Terceiro: sobre o tal Conselheiro, também muita lacuna na historia oficial. Para mim muito mais que um lunático. Nascido em Quixeramobin, Ceará, em 1828, Antonio Mendes Maciel, sobreviveu a uma infância pobre e violenta, tornando-se bom aluno na Escola do Professor Fernando Nobre, onde destacou-se em geografia, português, francês e latim. Com o comercio do pai falido, tornou-se professor em fazendas, foi caixeiro viajante, escrivão de Juiz de Paz, e em Ipú foi advogado provisionado, um prático, sem diploma.
Estes oficios por um lado permitiram a Antonio conhecer por dentro a 'justiça dos sertões' (ou a falta dela), e por outro, permitiram-lhe o desenvolvimento da oratória e do poder de dissuasão.
Contratempos marcaram o fim de seu casamento e lançaram-lhe numa vida de andarilho, sobrevivendo da construção, conserto ou reforma de igrejas e capelas pelo sertão. Não mendigava.
Inspirado por Padre Ibiapina, um homem que fazia intensa obra social nos sertões do Ceará, Antonio passou a ser pregador de uma versão pessoal das mensagens bíblicas, auxiliando, ouvindo e aconselhando os aflitos. Em 1874, aos 46 anos de idade, ao fixar-se em Itapicurú de Cima, Bahia, já atraia para si multidões, e já era "O Conselheiro".
Coronéis que perdiam trabalhadores, padres católicos que perdiam fiéis, e autoridades constituídas que perdiam voto de cabresto, começam a ver com desconfiança aquele "grupo de fanáticos seguindo um louco", e iniciaram-se as perseguições. Antonio foi preso, enviado a Fortaleza, inocentado das imputações, retornado à Bahia justamente na pior das secas, entre 1878 e 1880, período esse em que atuou mais que nunca no amparo aos flagelados, ampliando sua fama de homem bom e justo, e atraindo mais e mais seguidores.

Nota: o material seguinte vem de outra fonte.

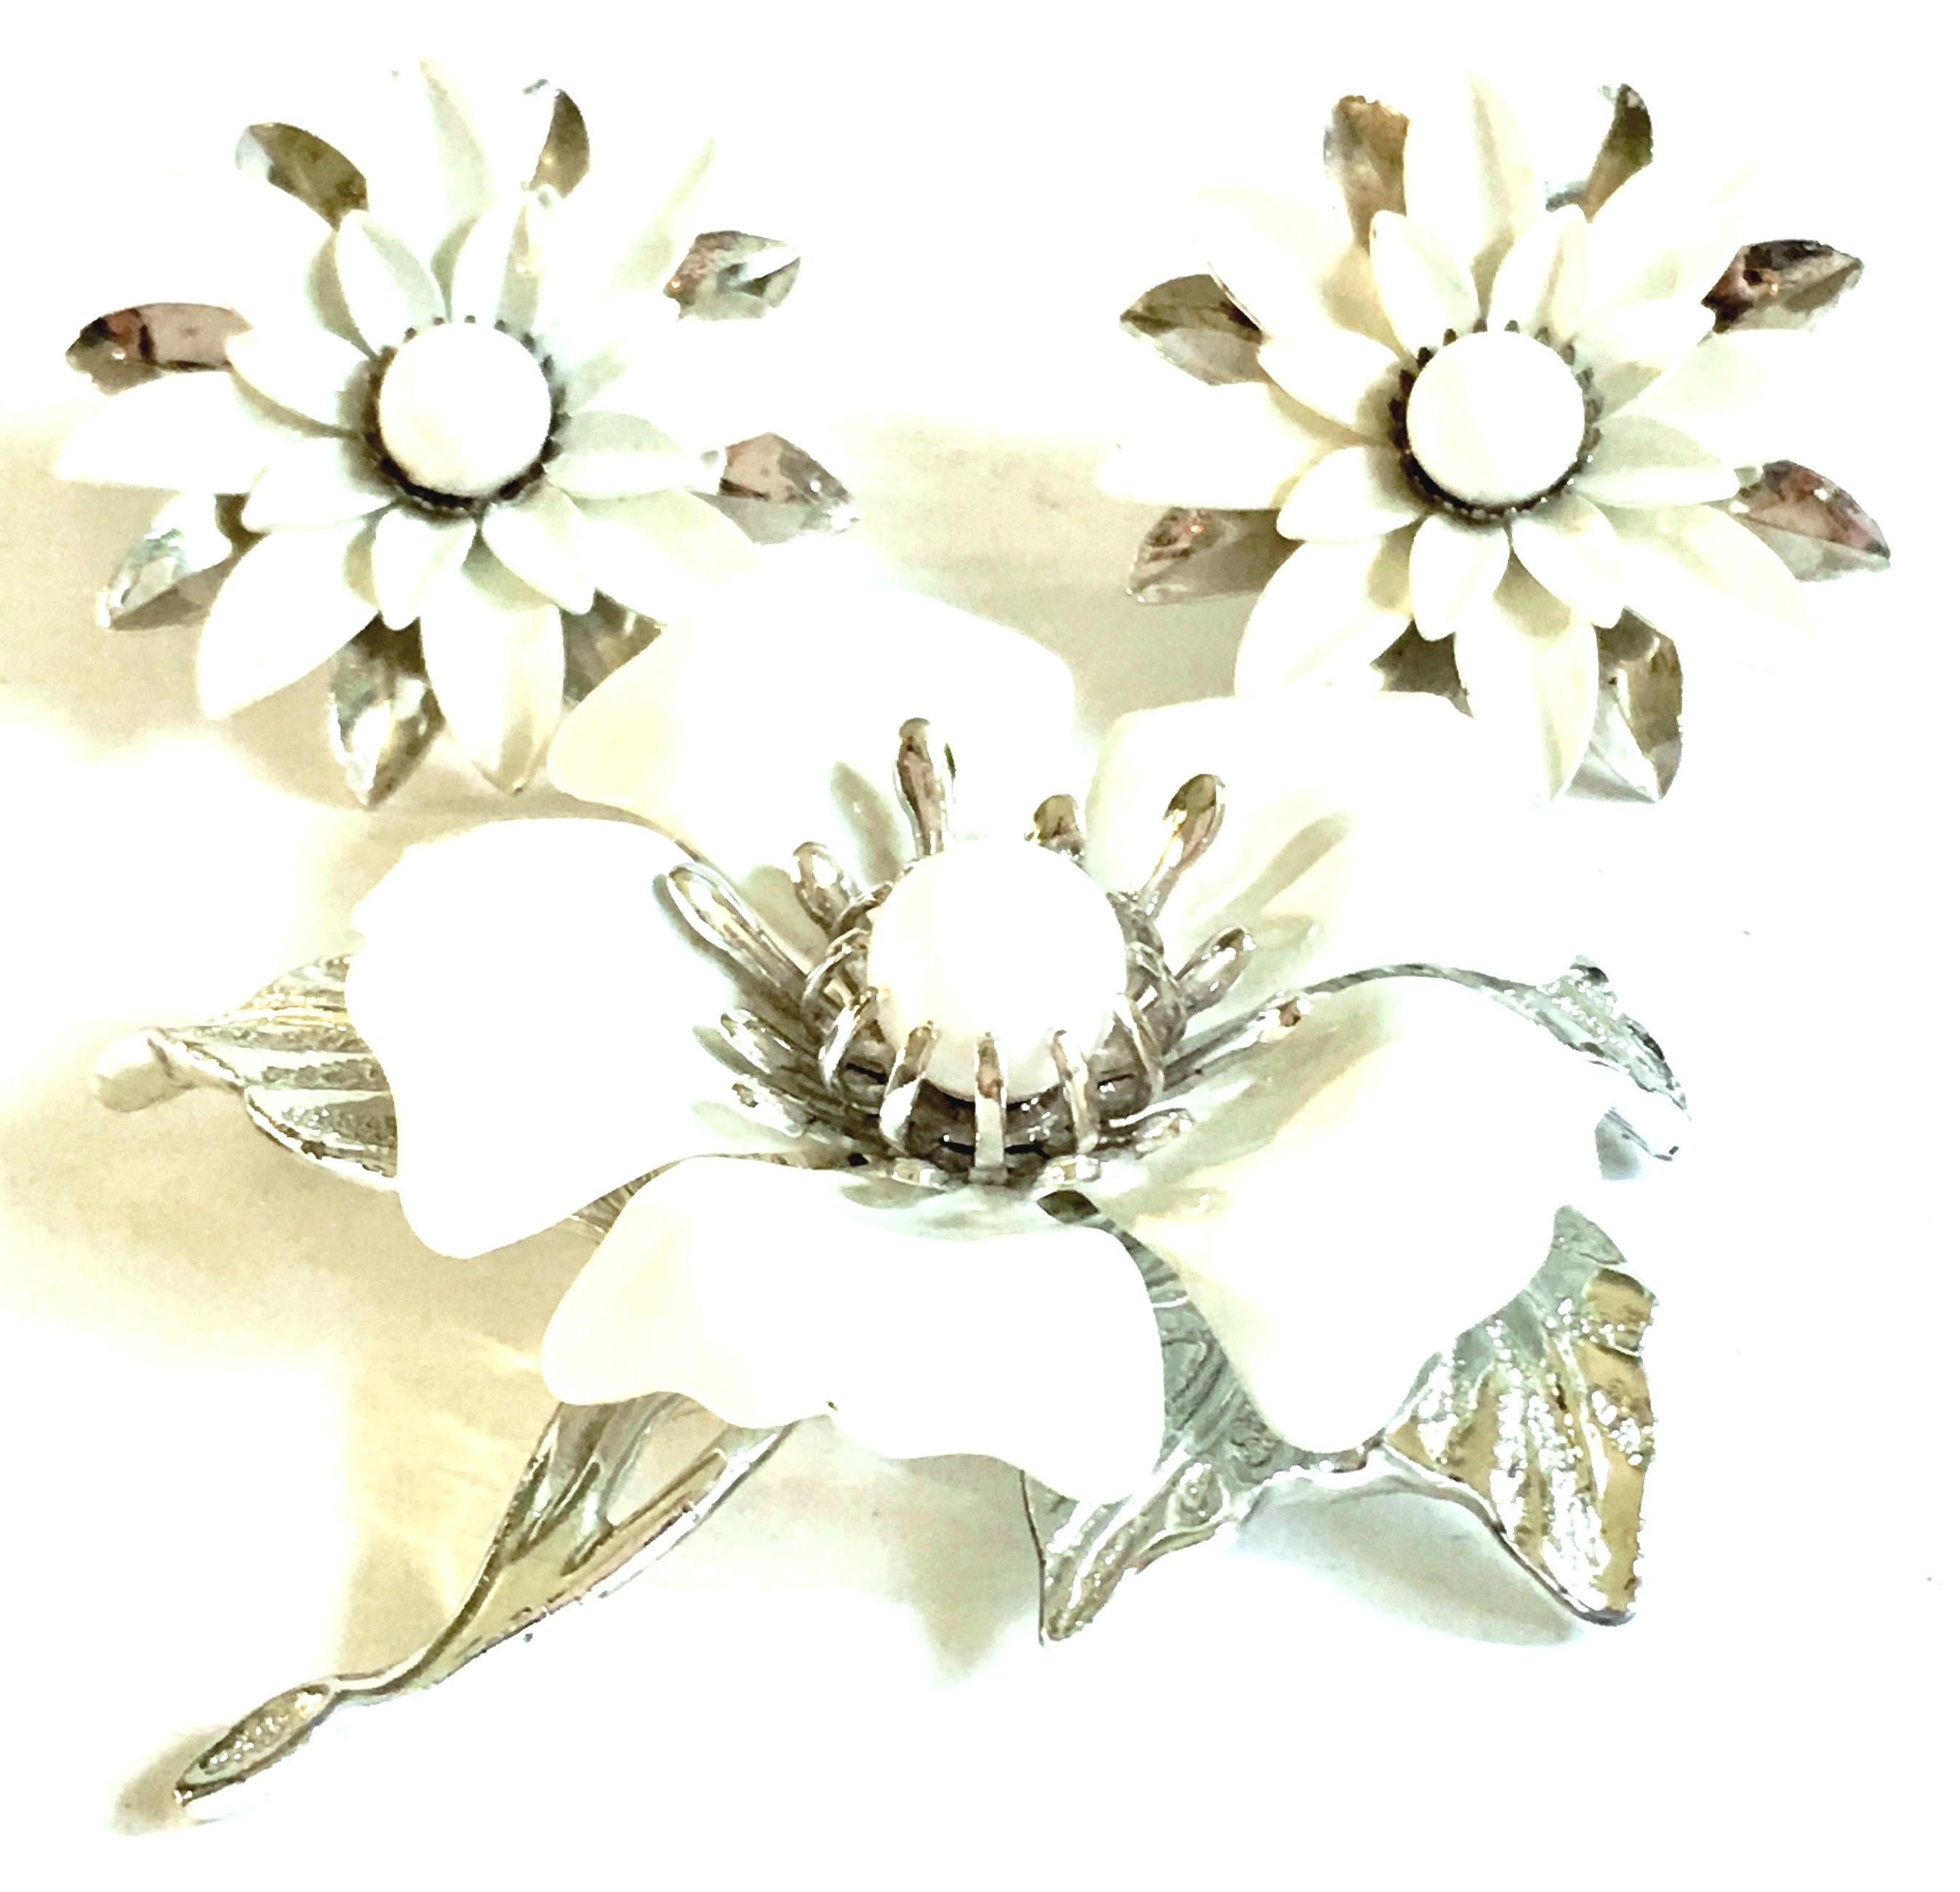 1960'S Silver Plate & Enamel Modernist Abstract Dimensional Big Flower Brooch & Earrings By, Sarah Coventry. Features bright white enamel over silver plate metal. Each of the three pieces are signed on the underside, Sarah Cov.
The clip style

Em fevereiro de 1882 o arcebispo baiano D. Luis Antonio dos Santos faz correr uma circular entre sua base ou freguesia, alertando contra a presença de um mistico de 'moral excessivamente rigorosa' que vinha atraindo para si atenção do povo, e determinando que os párocos proibissem seu rebanho de se reunir para ouvir a doutrinação do Conselheiro, que por sinal era tão sincero em seu catolicismo, e tão rigoroso em sua vida pessoal, que a Igreja católica não teve como excomungá-lo ou trata-lo como herege. O Conselheiro nunca realizou milagres ou curas, e nunca fez profecias. O objetivo de contê-lo devia-se à ameaça que ele representava à hierarquia do monopólio da fé.
As proibições da Igreja não o afastaram do povo, e assim, partiu-se para ação politica para detê-lo. Em 1883, à pedido da Diocese, o presidente da província da Bahia, Bandeira de Melo, faz uma tentativa de enviar o Conselheiro para um hospício no Rio de Janeiro, sem sucesso.
Com a Lei Áurea em 1888, passa a ocorrer a natural incorporação de ex-escravos ao Movimento.
Proclamação da Republica em 1889, Antonio vivera 61 anos sob as Leis do Império (1822-1889). Sua visão de mundo não concebia a separação de religião e politica, e ele via na Republica uma exterminadora da religião.
A própria Constituição Republicana de 1891 lhe garantia o livre direito de ter e defender uma opinião politica, mas o jogo foi mal jogado, e sob o pretexto de domar uma desobediência civil, alinharam-se agora contra Antonio e o Movimento, a Igreja e o Estado.
Nesse ambiente, qualquer pretexto serviria para ações de 'restauração da ordem', e á partir de 1893 ocorreram os primeiros conflitos armados, forçando Antonio e seu grupo no rumo norte, das caatingas e duríssimas serras áridas.
Após dias de caminhada chegaram às margens do Rio Vaza Barris, onde havia uma fazenda de gado abandonada e uma igreja em ruínas, decidiram ficar. Era 1893, e nascia naquele local o sonho do contraponto ao grande engenho de açúcar do litoral e sua sociedade vertical, uma comunidade sem autoridades católicas ou politicas, nem coronéis, nem leis republicanas, juízes, impostos arbitrários, policia, e onde a terra era de todos.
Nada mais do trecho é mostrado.